6.7 ESCROW. Buyer may assert a claim for indemnification under the
Escrow Agreement by notice to Sellers' Representative and the Escrow Agent
specifying in reasonable detail the basis for such claim to the extent then
known by Buyer and the amount to which Buyer is entitled under this Section 6,
all as more fully provided in the Escrow Agreement. Buyer is authorized to
recover from the funds in escrow the entire amount of, or any portion of, any
claim against any Seller without regard to the amount contributed or deemed to
be contributed by such Seller. Sellers will settle among themselves any right to
contribution or indemnity with regard to amounts paid to Buyer from the escrowed
funds. The amount held in escrow, if and when disbursed to Sellers, shall be
treated on an installment sale basis and shall be taken into income by Sellers
in the year in which it is received, unless Sellers elect in their sole
discretion to elect out of installment sale treatment.

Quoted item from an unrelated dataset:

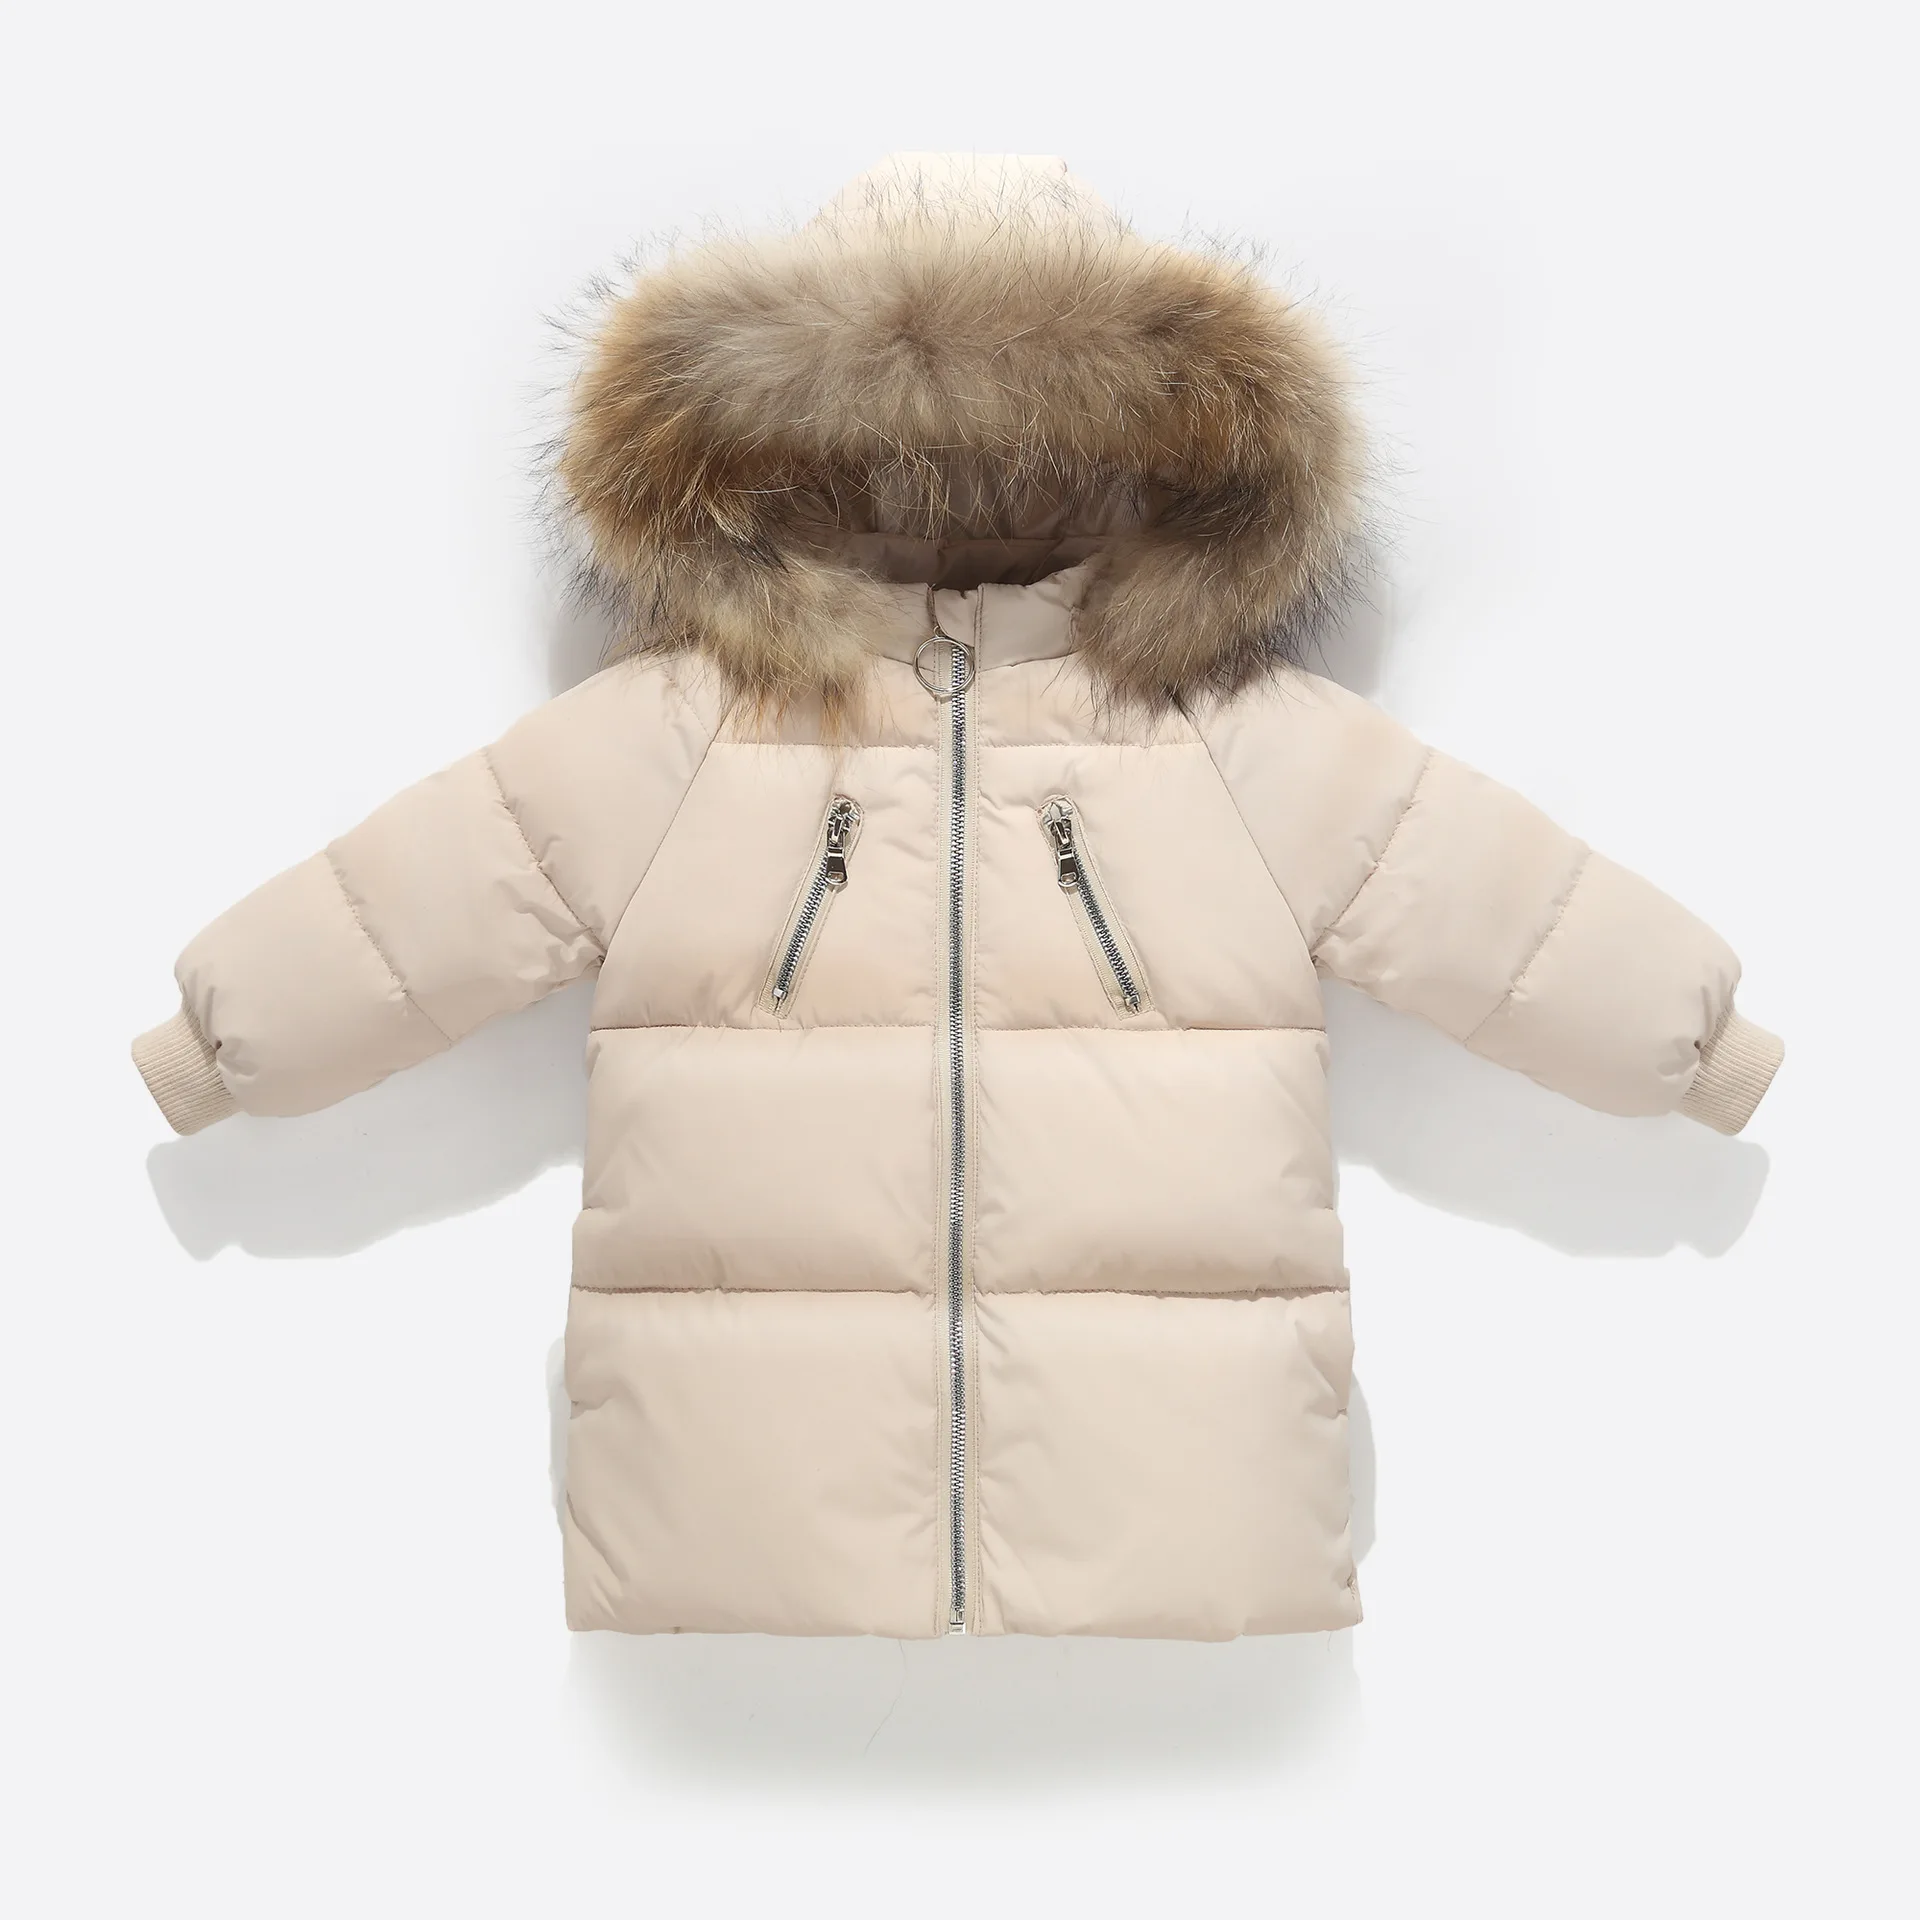 Olekid/Коллекция года, детский зимний пуховик Длинная зимняя куртка с меховым воротником для мальчиков пальто для маленьких девочек, детский зимний комбинезон, детская парка - Цвет: Бежевый

Neither the giving of
notice of a claim under the Escrow Agreement nor the failure to give such notice
will constitute an election of remedies or limit Buyer in any manner in the
enforcement of any other remedies that may be available to it.
6.8 PROCEDURE FOR INDEMNIFICATION - THIRD PARTY CLAIMS.
(a) Promptly after receipt by an indemnified party under Section 6.2,
6.4, or (to the extent provided in the last sentence of Section 6.3) Section 6.3
of notice of the commencement of any Proceeding against it, such indemnified
party will, if a claim is to be made against an indemnifying party under such
Section, give notice to the indemnifying party of the commencement of such
claim, but the failure to notify the indemnifying party will not relieve the
indemnifying party of any liability that it may have to any indemnified party,
except to the extent that the indemnifying party demonstrates that the defense
of such action is prejudiced by the indemnifying party's failure to give such
notice.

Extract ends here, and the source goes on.